[[ Dataset content open ]]
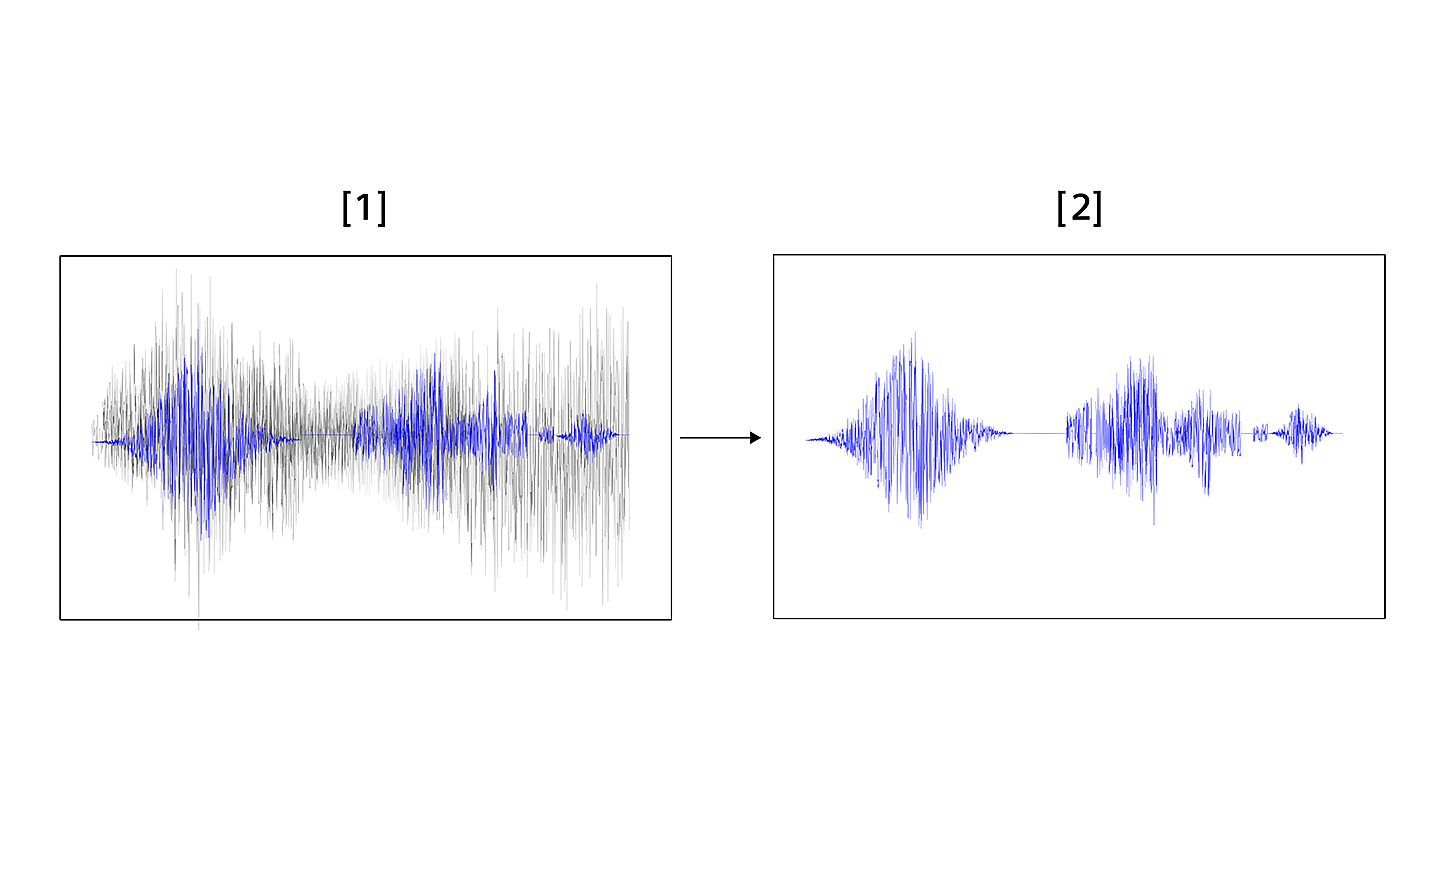 Comparație a nivelurilor de zgomot produs de vânt cu funcția de filtrare inteligentă a zgomotului produs de vânt activată și dezactivată
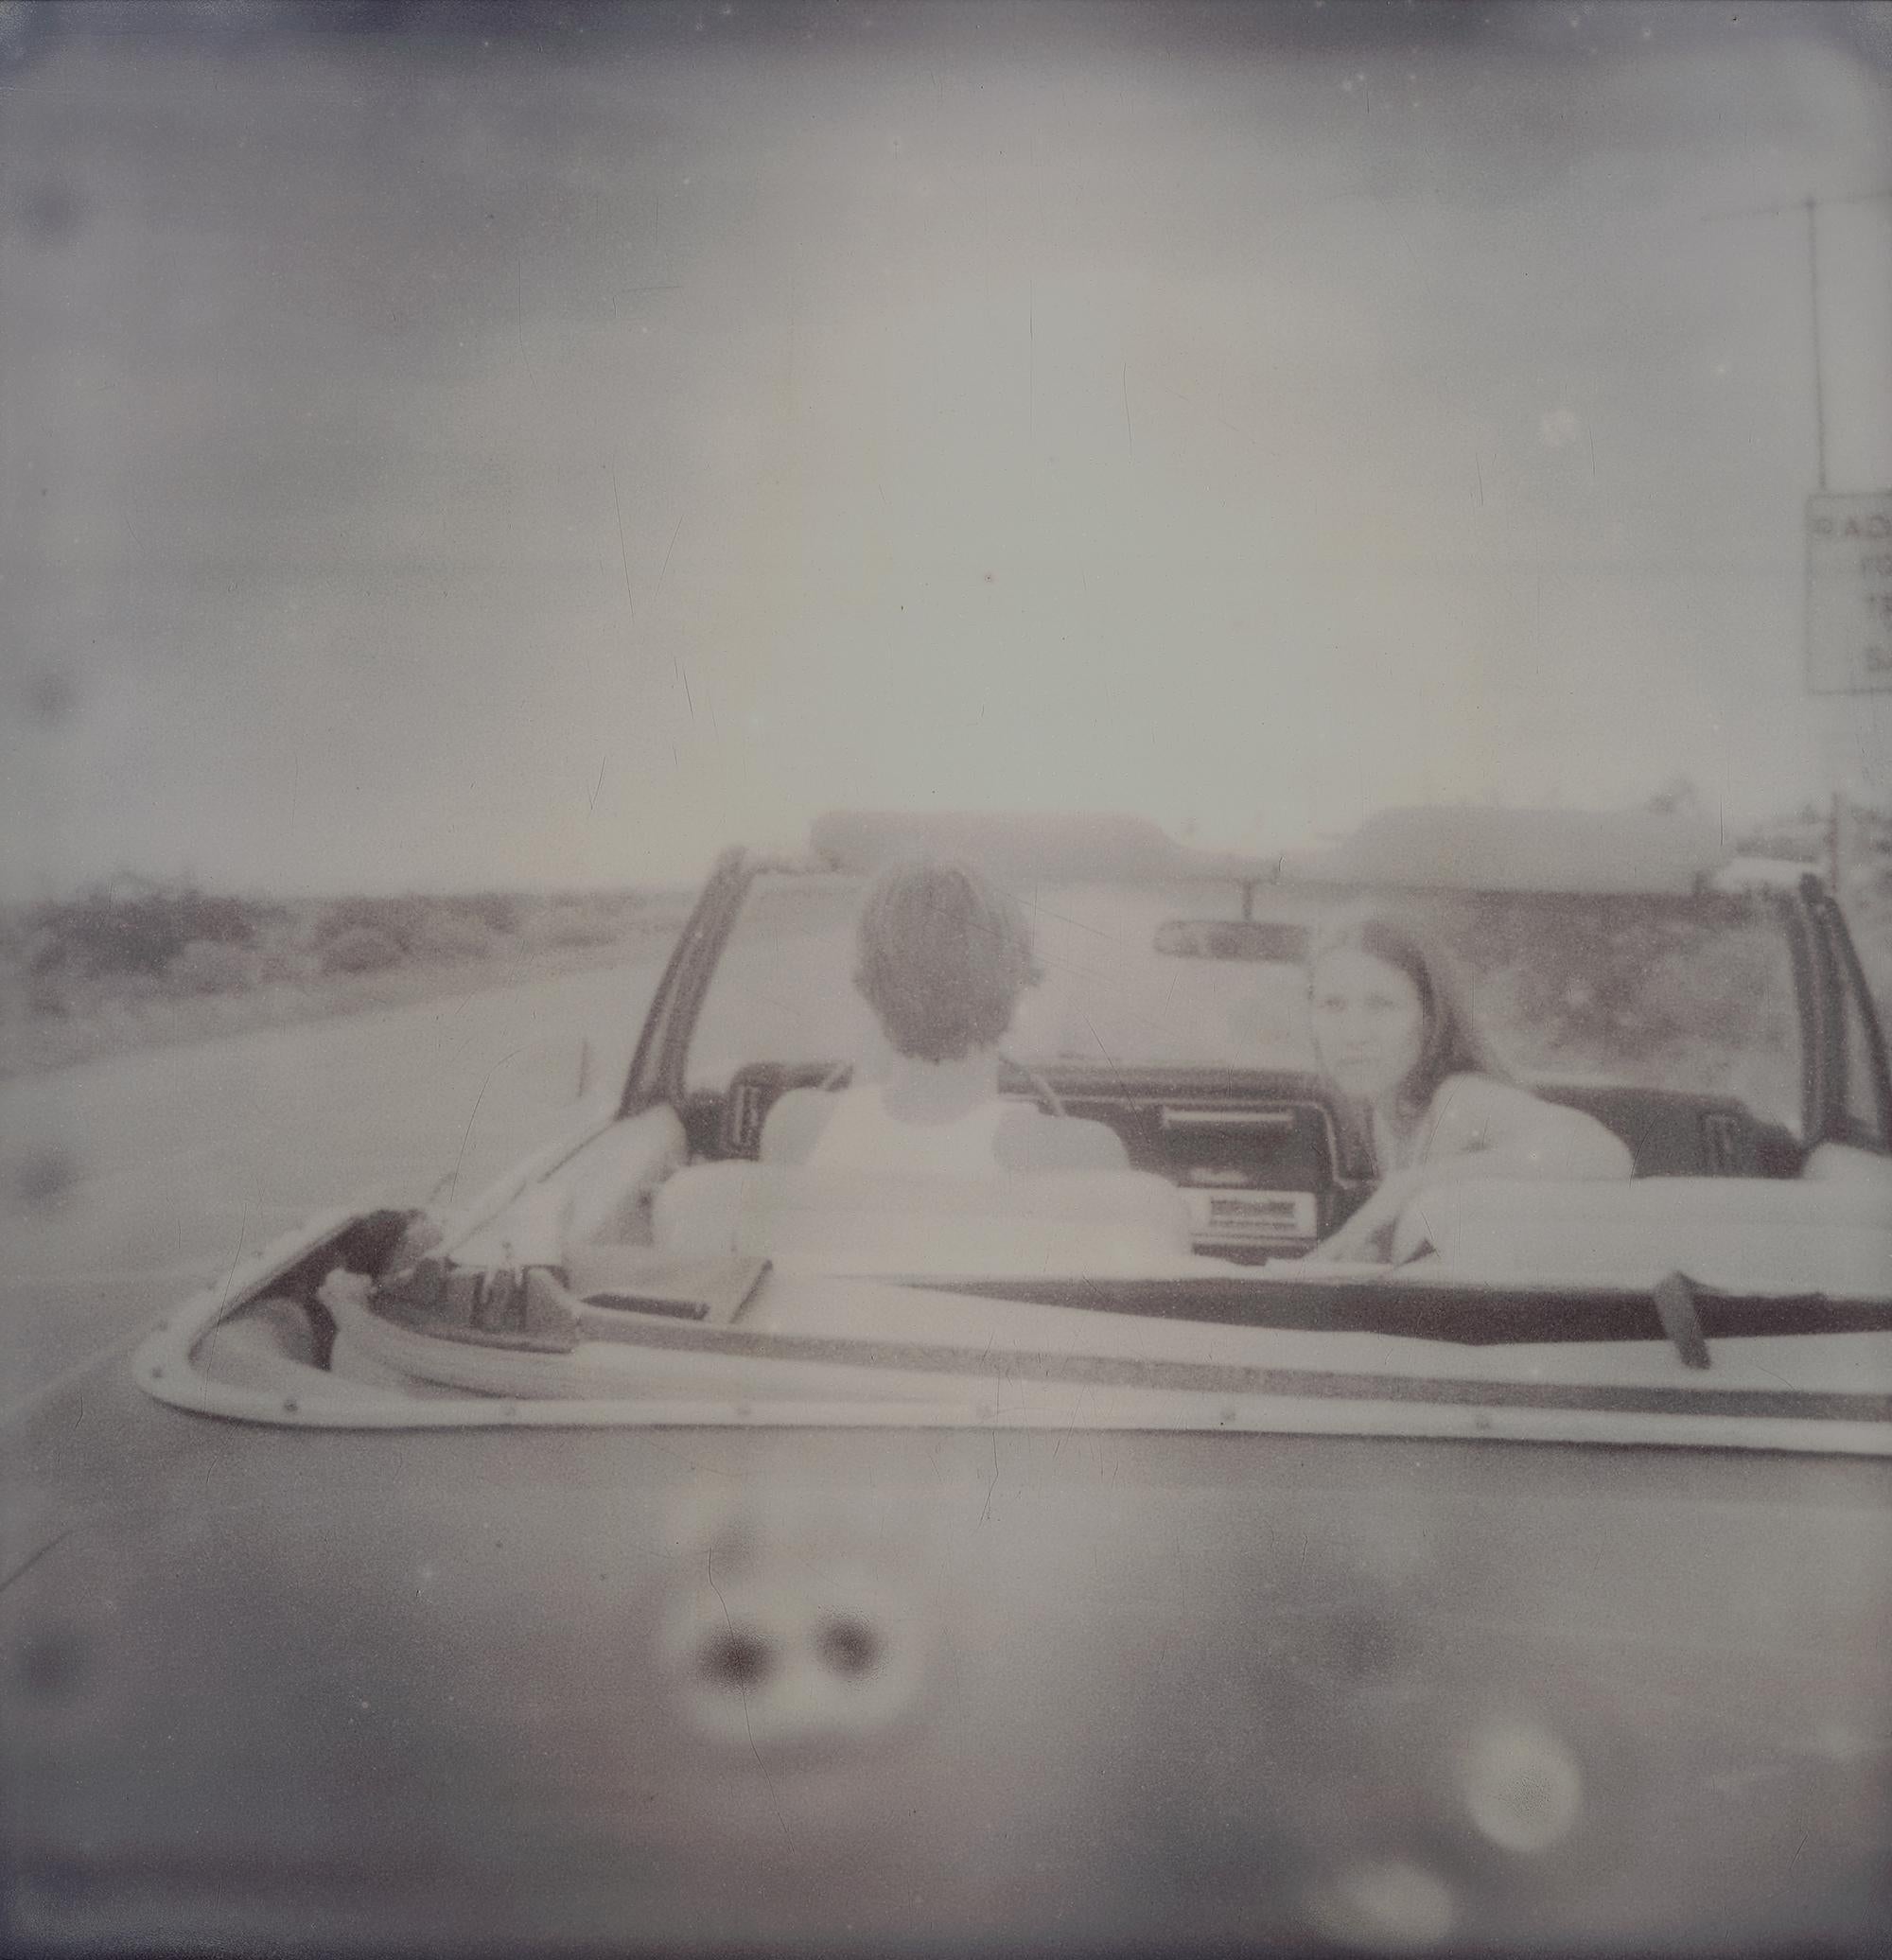 Leaving - Sidewinder, analog, triptych - Photograph by Stefanie Schneider
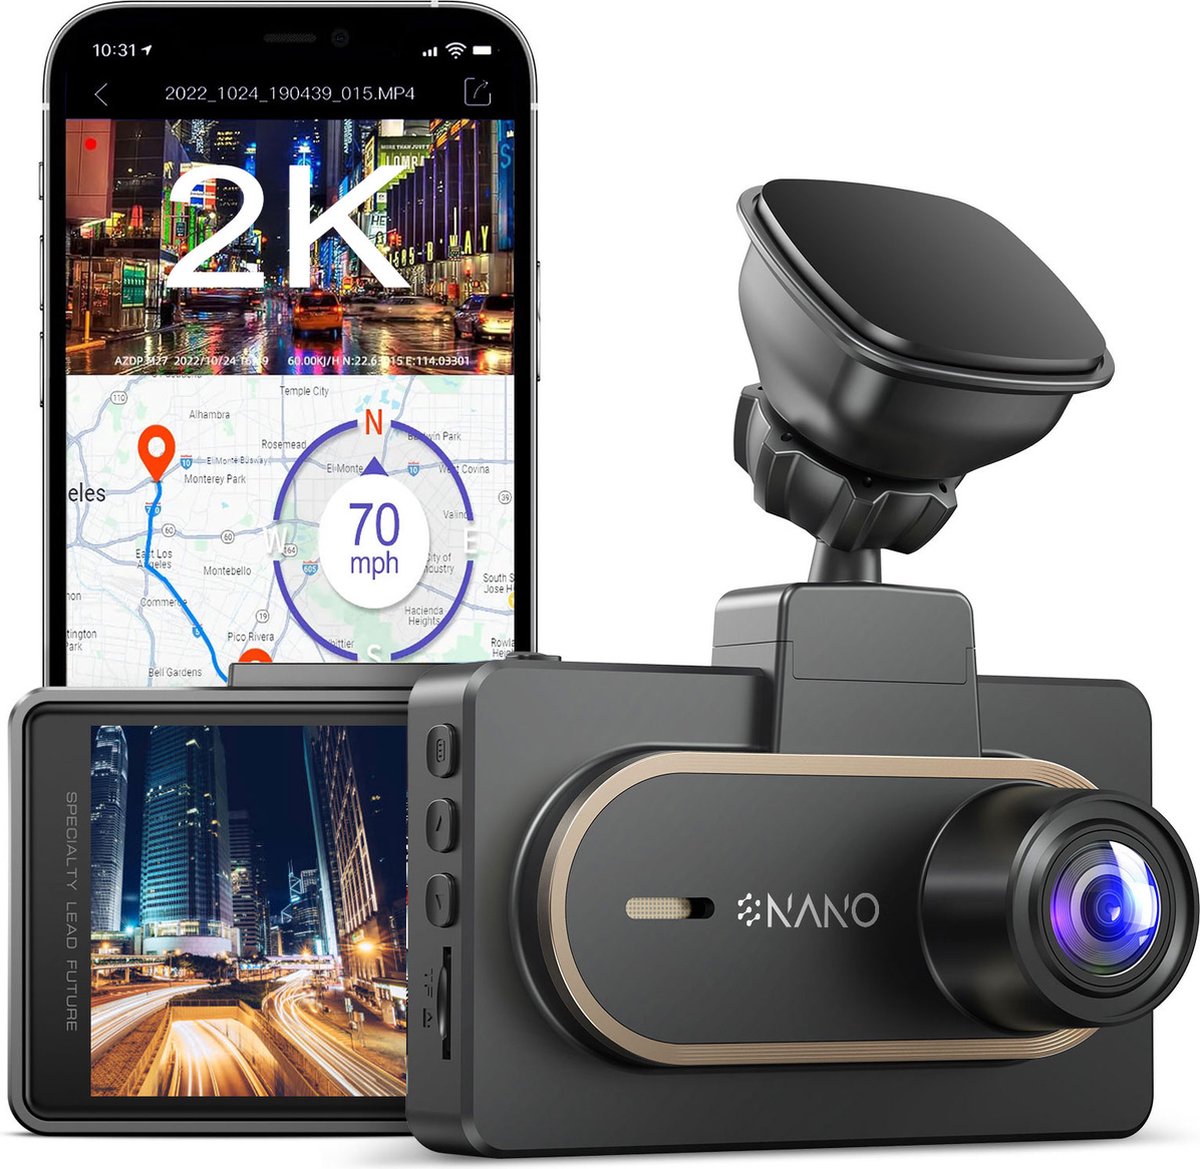 Nanocam M27 32gb dashcam voor auto - 2K QuadHD video - Wifi - GPS - 32gb SD - Super compact - 150 graden kijkhoek - Nachtzicht - Parkeermodus - 3.0 inch IPS LCD - 2023 model - dashcam voor auto met optionele achter camera
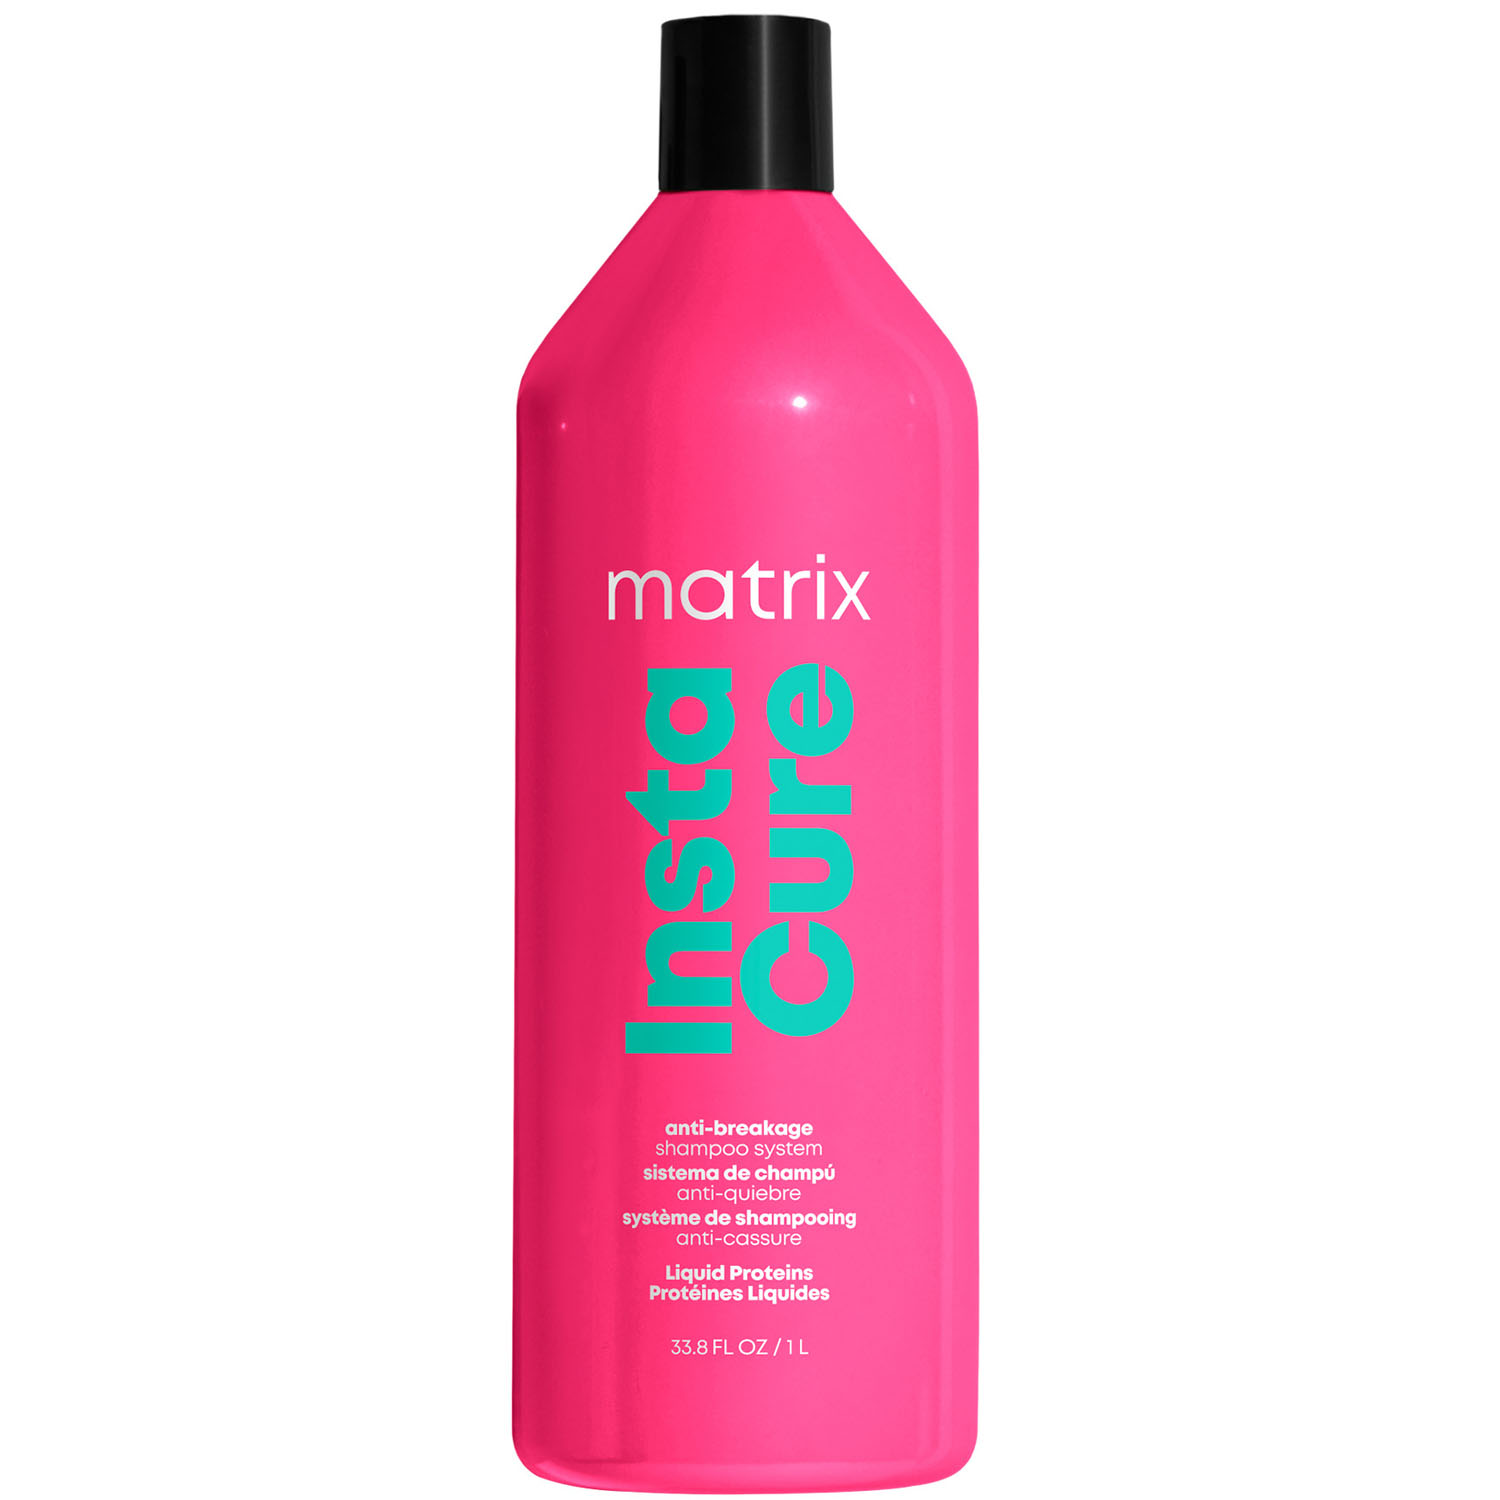 Matrix Профессиональный шампунь для восстановления волос с жидким протеином, 1000 мл (Matrix, Total Results) matrix профессиональный шампунь instacure для восстановления волос с жидким протеином 1000 мл х 2 шт matrix total results
[[ Dataset content closed ]]
Skip the pictures, please, and transcribe only the lines from the beginning of the material through the one that contains "Leaving - Sidewinder, analog, triptych".

 Comparație a nivelurilor de zgomot produs de vânt cu funcția de filtrare inteligentă a zgomotului produs de vânt activată și dezactivată
 Leaving - Sidewinder, analog, triptych - Photograph by Stefanie Schneider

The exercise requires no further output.